Data shown:
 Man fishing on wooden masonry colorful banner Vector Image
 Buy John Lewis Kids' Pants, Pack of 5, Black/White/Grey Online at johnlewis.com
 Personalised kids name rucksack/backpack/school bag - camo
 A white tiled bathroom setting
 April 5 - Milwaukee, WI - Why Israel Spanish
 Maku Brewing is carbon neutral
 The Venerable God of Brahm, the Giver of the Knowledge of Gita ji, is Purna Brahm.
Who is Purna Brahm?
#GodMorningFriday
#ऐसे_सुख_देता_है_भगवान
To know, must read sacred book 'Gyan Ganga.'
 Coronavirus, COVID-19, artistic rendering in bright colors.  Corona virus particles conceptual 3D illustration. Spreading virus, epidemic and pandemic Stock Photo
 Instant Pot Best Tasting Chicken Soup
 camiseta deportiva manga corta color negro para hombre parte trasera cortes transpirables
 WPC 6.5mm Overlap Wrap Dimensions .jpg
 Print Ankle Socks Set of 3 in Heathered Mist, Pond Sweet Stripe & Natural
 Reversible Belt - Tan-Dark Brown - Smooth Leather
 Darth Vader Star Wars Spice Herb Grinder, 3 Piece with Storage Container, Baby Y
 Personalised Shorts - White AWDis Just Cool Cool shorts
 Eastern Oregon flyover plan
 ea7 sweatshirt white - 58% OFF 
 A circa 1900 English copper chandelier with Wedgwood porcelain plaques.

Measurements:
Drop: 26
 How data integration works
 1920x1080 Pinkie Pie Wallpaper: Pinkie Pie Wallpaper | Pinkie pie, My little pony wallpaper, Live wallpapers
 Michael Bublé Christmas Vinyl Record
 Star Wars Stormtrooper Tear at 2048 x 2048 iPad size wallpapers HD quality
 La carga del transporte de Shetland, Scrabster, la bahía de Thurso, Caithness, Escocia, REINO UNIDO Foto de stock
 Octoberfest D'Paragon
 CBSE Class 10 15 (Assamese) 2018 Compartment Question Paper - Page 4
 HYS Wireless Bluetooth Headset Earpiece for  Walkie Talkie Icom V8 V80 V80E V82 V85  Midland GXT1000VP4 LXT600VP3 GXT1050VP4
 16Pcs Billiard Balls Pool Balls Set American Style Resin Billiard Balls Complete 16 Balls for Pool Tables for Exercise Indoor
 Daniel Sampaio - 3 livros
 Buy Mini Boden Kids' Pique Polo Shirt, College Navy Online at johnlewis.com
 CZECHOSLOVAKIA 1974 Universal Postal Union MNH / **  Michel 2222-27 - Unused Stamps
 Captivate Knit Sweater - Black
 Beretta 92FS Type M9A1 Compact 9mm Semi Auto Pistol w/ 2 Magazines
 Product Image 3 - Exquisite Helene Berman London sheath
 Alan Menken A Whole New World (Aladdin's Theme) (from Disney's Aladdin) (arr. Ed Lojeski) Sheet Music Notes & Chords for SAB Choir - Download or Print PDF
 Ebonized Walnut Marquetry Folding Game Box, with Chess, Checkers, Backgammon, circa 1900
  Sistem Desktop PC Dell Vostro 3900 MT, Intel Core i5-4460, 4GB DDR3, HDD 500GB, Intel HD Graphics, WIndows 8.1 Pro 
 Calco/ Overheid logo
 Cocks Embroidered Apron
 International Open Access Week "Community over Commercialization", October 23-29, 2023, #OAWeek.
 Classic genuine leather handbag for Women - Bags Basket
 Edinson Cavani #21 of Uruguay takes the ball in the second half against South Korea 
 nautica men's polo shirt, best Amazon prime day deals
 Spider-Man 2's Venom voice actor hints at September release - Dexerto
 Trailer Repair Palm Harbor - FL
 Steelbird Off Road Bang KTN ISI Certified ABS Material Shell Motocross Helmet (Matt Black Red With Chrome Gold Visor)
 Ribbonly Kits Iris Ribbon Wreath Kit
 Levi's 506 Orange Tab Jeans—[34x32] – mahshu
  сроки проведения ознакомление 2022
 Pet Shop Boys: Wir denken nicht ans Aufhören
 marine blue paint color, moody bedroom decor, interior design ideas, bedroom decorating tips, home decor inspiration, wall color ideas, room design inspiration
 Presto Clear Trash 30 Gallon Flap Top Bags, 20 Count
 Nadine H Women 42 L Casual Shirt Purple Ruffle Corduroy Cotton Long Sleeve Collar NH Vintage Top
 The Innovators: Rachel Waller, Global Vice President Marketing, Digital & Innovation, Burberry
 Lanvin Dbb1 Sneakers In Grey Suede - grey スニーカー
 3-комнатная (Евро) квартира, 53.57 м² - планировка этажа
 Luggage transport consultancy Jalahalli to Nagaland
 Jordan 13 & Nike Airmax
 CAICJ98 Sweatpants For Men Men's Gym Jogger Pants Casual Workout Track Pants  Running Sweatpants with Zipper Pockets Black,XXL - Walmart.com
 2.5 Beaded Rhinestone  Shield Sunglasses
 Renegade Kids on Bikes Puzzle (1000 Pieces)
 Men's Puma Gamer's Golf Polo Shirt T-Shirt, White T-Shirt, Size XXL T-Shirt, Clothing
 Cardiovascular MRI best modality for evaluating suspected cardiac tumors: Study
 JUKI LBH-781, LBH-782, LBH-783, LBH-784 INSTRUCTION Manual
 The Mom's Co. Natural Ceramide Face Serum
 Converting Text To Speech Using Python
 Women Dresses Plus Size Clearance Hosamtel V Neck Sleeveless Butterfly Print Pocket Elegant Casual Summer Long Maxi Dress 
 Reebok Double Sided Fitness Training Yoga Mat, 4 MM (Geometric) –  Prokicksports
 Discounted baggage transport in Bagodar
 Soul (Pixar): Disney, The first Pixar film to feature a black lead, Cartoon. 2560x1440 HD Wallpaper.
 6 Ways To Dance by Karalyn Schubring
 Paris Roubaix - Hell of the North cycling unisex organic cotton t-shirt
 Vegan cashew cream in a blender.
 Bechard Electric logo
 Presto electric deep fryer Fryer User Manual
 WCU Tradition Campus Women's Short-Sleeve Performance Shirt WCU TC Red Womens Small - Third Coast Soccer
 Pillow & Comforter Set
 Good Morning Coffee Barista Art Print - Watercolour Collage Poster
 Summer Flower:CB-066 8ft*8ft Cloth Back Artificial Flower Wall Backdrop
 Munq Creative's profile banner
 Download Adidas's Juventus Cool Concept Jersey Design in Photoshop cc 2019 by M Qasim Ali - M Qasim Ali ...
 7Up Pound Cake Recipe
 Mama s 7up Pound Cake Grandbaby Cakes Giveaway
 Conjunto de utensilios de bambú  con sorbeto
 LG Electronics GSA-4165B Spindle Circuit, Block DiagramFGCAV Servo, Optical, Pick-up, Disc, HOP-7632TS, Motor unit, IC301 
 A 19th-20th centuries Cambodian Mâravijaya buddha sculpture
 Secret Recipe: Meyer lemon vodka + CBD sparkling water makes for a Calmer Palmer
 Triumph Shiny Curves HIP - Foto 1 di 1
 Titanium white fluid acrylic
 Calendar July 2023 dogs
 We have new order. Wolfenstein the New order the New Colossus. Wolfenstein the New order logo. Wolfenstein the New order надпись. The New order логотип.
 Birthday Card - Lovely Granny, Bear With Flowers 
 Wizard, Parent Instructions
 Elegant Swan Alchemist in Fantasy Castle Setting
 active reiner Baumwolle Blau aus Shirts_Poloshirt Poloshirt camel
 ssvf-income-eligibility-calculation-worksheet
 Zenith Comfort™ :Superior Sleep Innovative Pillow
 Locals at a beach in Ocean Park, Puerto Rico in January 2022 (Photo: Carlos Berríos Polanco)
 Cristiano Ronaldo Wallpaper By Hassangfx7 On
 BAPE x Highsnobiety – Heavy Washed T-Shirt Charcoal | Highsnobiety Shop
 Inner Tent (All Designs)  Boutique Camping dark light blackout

What is being asked: Using the entries above, repeat only the lines from the one containing "Presto Clear Trash" through the one containing "Pillow & Comforter Set", end lines included.

Solution:
 Presto Clear Trash 30 Gallon Flap Top Bags, 20 Count
 Nadine H Women 42 L Casual Shirt Purple Ruffle Corduroy Cotton Long Sleeve Collar NH Vintage Top
 The Innovators: Rachel Waller, Global Vice President Marketing, Digital & Innovation, Burberry
 Lanvin Dbb1 Sneakers In Grey Suede - grey スニーカー
 3-комнатная (Евро) квартира, 53.57 м² - планировка этажа
 Luggage transport consultancy Jalahalli to Nagaland
 Jordan 13 & Nike Airmax
 CAICJ98 Sweatpants For Men Men's Gym Jogger Pants Casual Workout Track Pants  Running Sweatpants with Zipper Pockets Black,XXL - Walmart.com
 2.5 Beaded Rhinestone  Shield Sunglasses
 Renegade Kids on Bikes Puzzle (1000 Pieces)
 Men's Puma Gamer's Golf Polo Shirt T-Shirt, White T-Shirt, Size XXL T-Shirt, Clothing
 Cardiovascular MRI best modality for evaluating suspected cardiac tumors: Study
 JUKI LBH-781, LBH-782, LBH-783, LBH-784 INSTRUCTION Manual
 The Mom's Co. Natural Ceramide Face Serum
 Converting Text To Speech Using Python
 Women Dresses Plus Size Clearance Hosamtel V Neck Sleeveless Butterfly Print Pocket Elegant Casual Summer Long Maxi Dress 
 Reebok Double Sided Fitness Training Yoga Mat, 4 MM (Geometric) –  Prokicksports
 Discounted baggage transport in Bagodar
 Soul (Pixar): Disney, The first Pixar film to feature a black lead, Cartoon. 2560x1440 HD Wallpaper.
 6 Ways To Dance by Karalyn Schubring
 Paris Roubaix - Hell of the North cycling unisex organic cotton t-shirt
 Vegan cashew cream in a blender.
 Bechard Electric logo
 Presto electric deep fryer Fryer User Manual
 WCU Tradition Campus Women's Short-Sleeve Performance Shirt WCU TC Red Womens Small - Third Coast Soccer
 Pillow & Comforter Set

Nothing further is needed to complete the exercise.